3 Secrets to Happy, Long-Lasting Relationships




'A loving heart is the truest wisdom' Charles Dickens


What is the Secret to Enjoying a Long-lasting Relationship?
  • Are you in a relationship with it's ups and downs? Do you wonder if you have what it takes to make your relationship last?
  • How do you know if it's worth investing time in a new relationship or mending a long-standing one?
  • After facing difficult times in the relationship, how do you even know if you want to continue in the relationship?

What a Happy Relationship Isn't....Conflict-free

If you think a conflict-free relationship is the key to a long-lasting happy partnership you're barking up the wrong tree.

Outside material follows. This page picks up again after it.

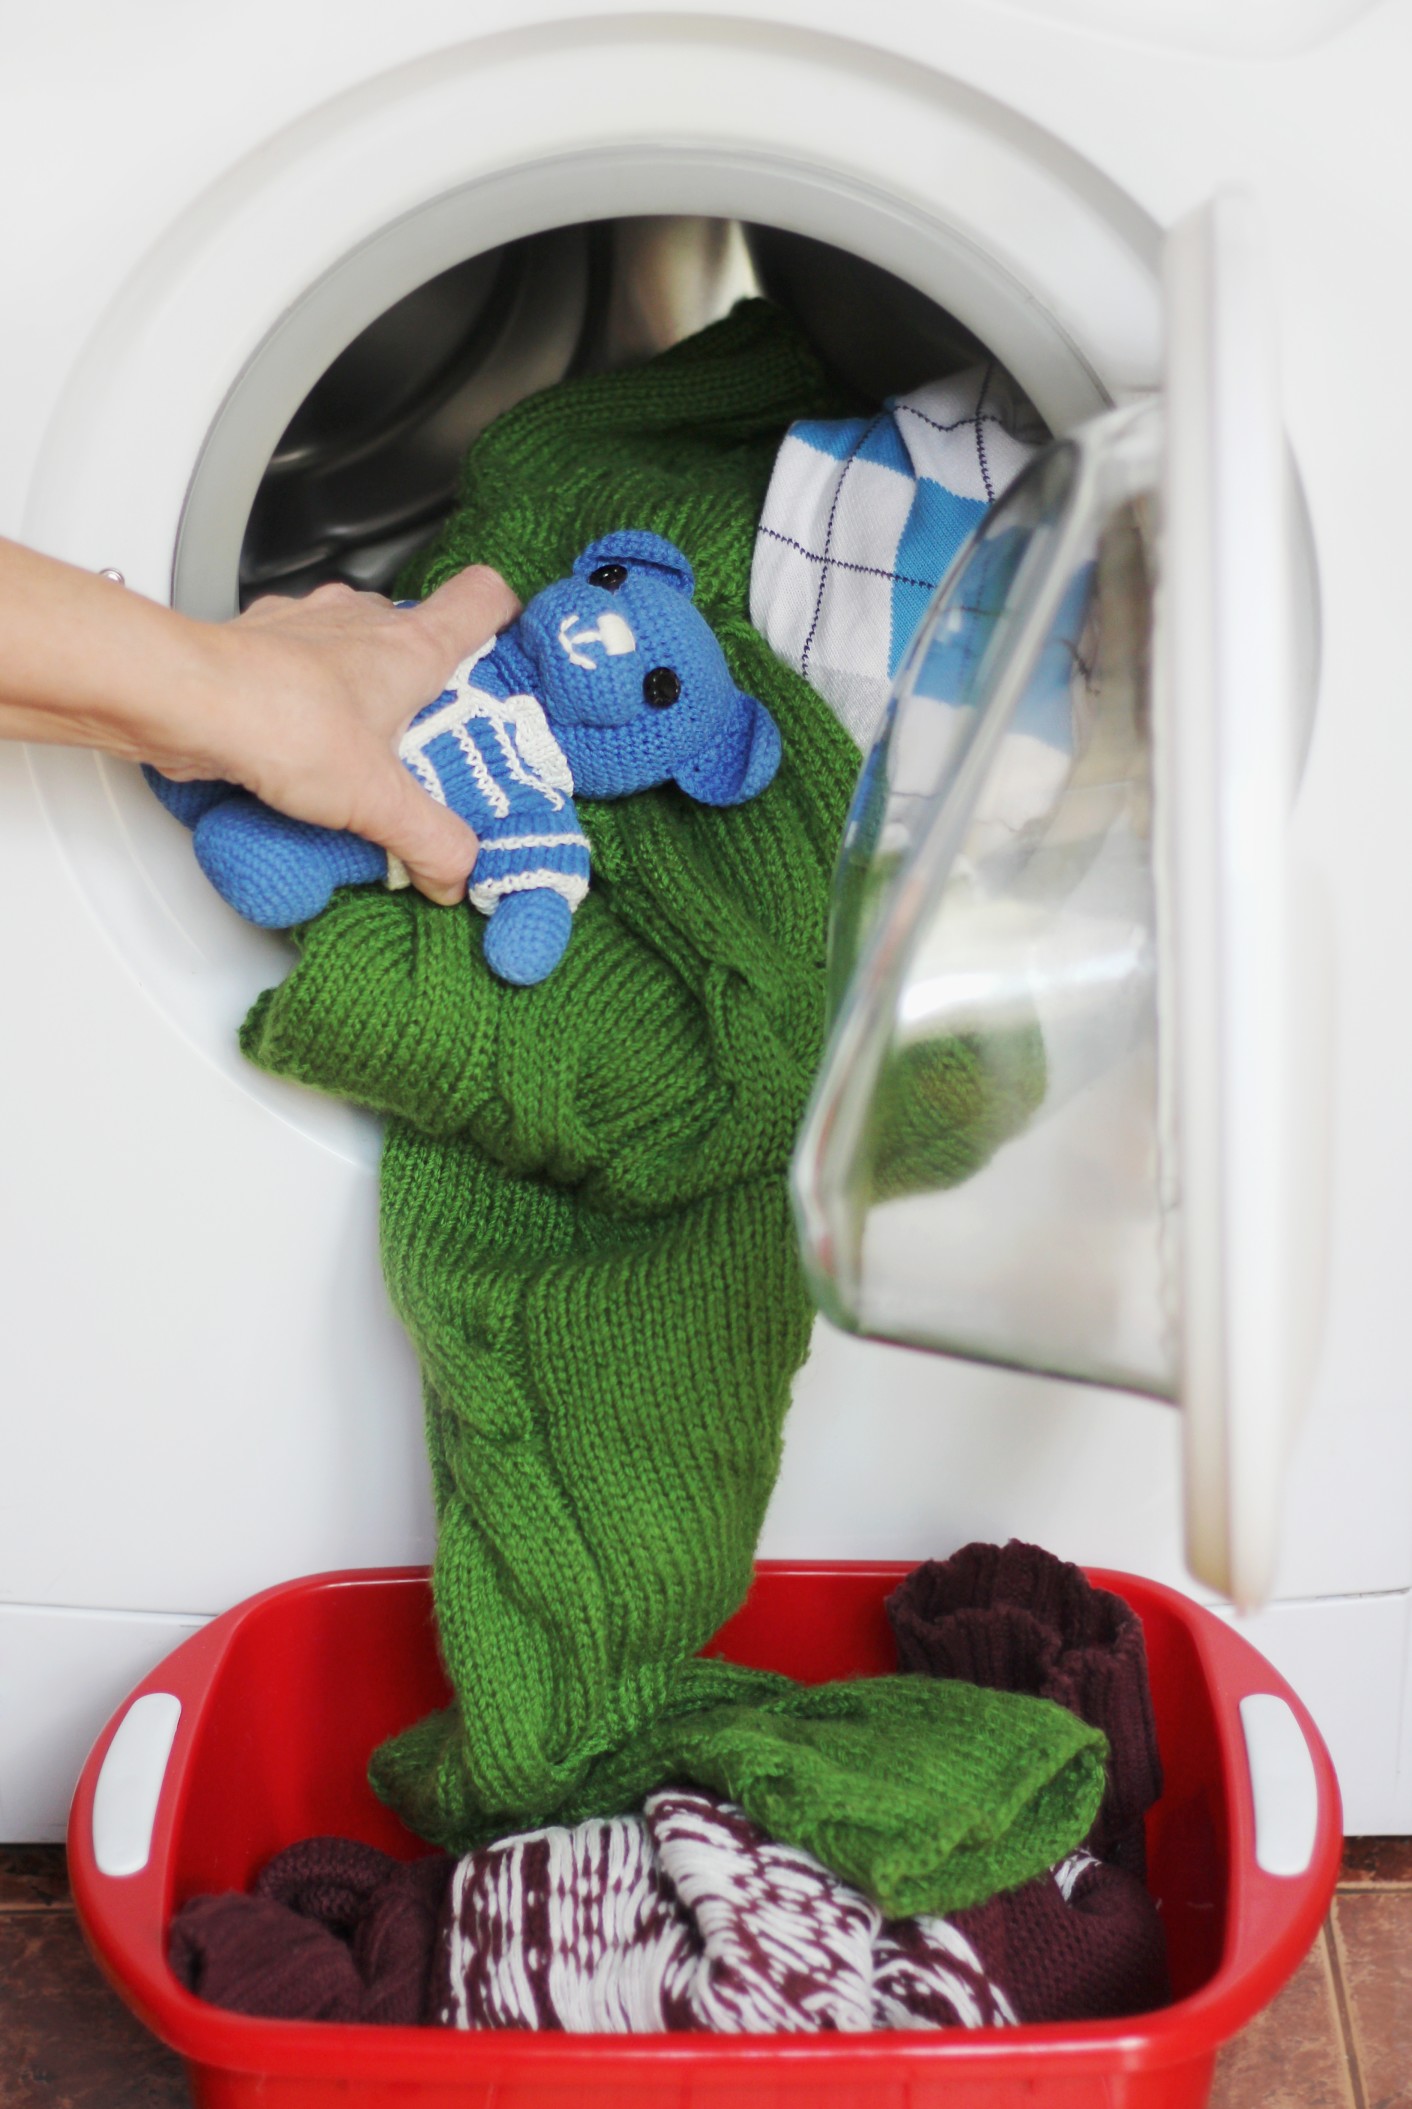 Waschmaschine - worauf achten? - Trends 2022 für Apps & effektive Nutzung! Bild: @MIRAHNEVA via Twenty20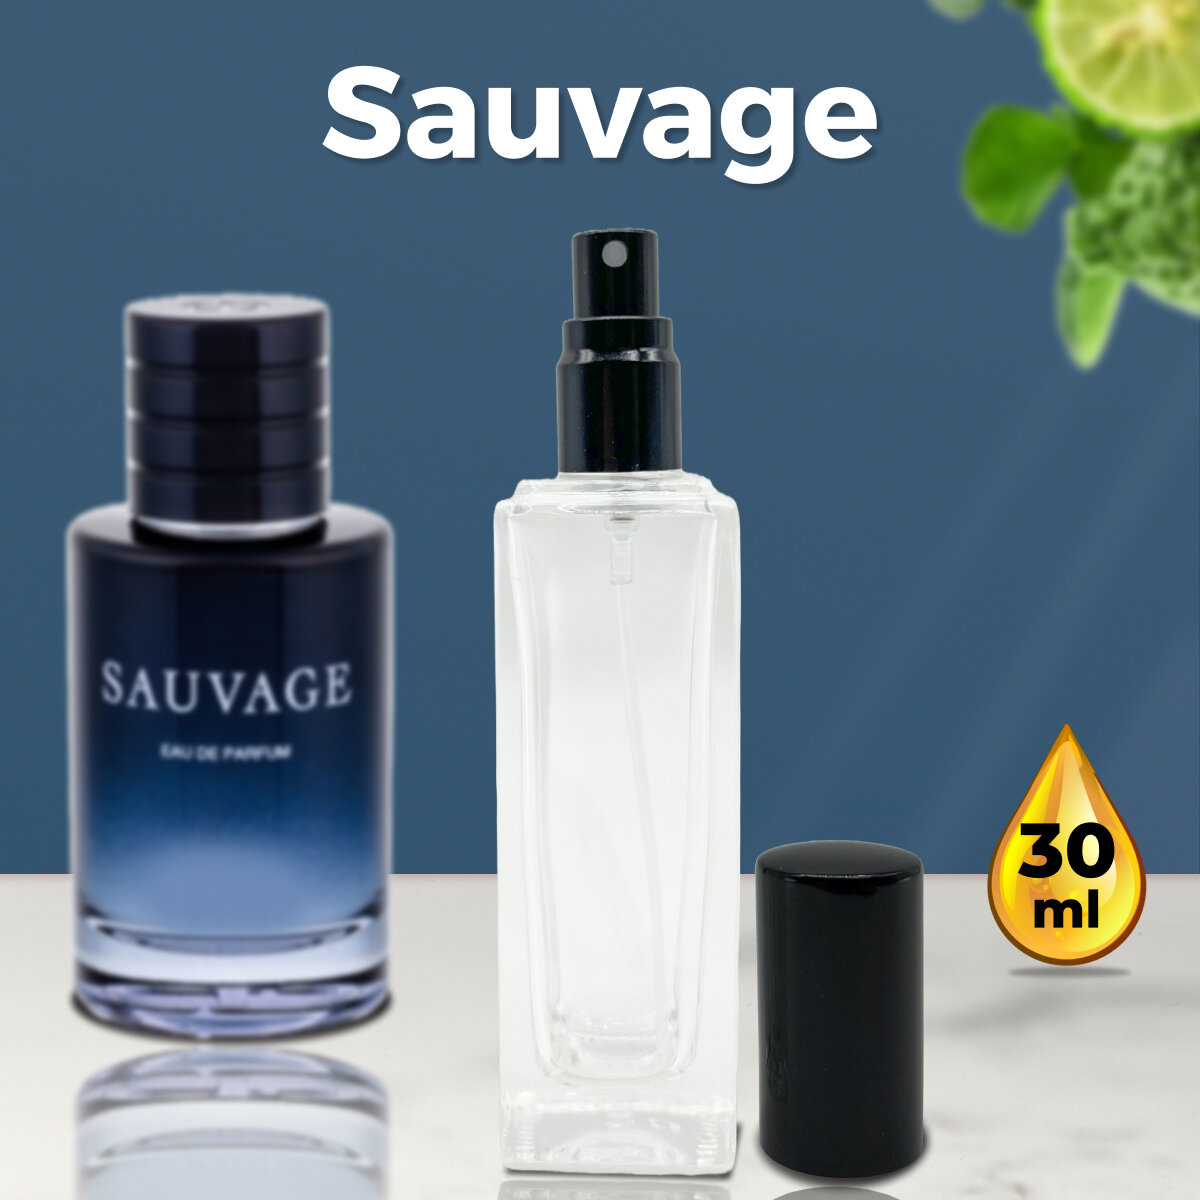 Gratus Parfum Savage духи мужские масляные 30 мл (спрей) + подарок

All happily married couples have a good amount of 'bark' in their relationship. It's what puts the heat, or bite, into the relationship.  Look at Lucy and Ricardo (I Love Lucy); Alice and Ralph Kramden (Honeymooners); and Bert and Ernie (Sesame Street). We love watching these comedic couples interact because we can relate to their conflicts and differences.

Truth is, we all have negative thoughts and feelings about our partners. It's natural. Over time our differences arise and the rose-colored glasses come off letting those petty annoyances surface. But there is something about happy, long-lasting relationships that makes them withstand the test of time and trouble.

Secret #1: Happily Married Couples Keep the Negative from Overwhelming the Positive

According to Dr. John M Gottman, author of 'The Seven Principles for Making Marriage Work' and professor of psychology at the University of Washington and cofounder and director of the Gottman Institute, what can make a marriage or partnership work is surprisingly simple.


"In their day-to-day lives, happily married couples have hit upon a dynamic that keeps their negative thoughts and feelings about each other (which all couples have) from overwhelming their positive ones."

People in healthy, long-lasting relationships deal with the same garden variety issues that people who break up do. The difference is those in healthy lasting relationships find a way to maintain an overall positive feeling to their relationships despite the negative thoughts and feelings that naturally arise over time.

This isn't to say you should always work through conflict and stay together at all costs. It provides a measuring stick for you to consider. How do you create a dynamic in your relationship to allow the positive to over-ride the negative?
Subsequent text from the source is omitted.